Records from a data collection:
- - -

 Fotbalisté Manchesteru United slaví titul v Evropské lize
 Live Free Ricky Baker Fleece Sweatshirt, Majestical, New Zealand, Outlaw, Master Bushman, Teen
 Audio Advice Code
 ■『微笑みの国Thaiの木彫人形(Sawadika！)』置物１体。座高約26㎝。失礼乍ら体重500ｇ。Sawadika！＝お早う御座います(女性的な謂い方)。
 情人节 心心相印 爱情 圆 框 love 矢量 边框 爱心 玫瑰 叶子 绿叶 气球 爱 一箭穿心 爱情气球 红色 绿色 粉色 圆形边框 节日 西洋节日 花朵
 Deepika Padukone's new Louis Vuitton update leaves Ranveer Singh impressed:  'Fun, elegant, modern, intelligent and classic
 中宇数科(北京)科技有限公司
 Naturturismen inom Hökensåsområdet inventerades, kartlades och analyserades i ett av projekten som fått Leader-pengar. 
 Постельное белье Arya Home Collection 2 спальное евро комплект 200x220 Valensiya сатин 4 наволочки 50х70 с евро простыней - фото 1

- - -

Exercise prompt ▸
Leave out every line above except those from the line with "Live Free Ricky" up to and including the line with "情人节 心心相印 爱情", and copy those exactly.

Solution for this exercise ▸
 Live Free Ricky Baker Fleece Sweatshirt, Majestical, New Zealand, Outlaw, Master Bushman, Teen
 Audio Advice Code
 ■『微笑みの国Thaiの木彫人形(Sawadika！)』置物１体。座高約26㎝。失礼乍ら体重500ｇ。Sawadika！＝お早う御座います(女性的な謂い方)。
 情人节 心心相印 爱情 圆 框 love 矢量 边框 爱心 玫瑰 叶子 绿叶 气球 爱 一箭穿心 爱情气球 红色 绿色 粉色 圆形边框 节日 西洋节日 花朵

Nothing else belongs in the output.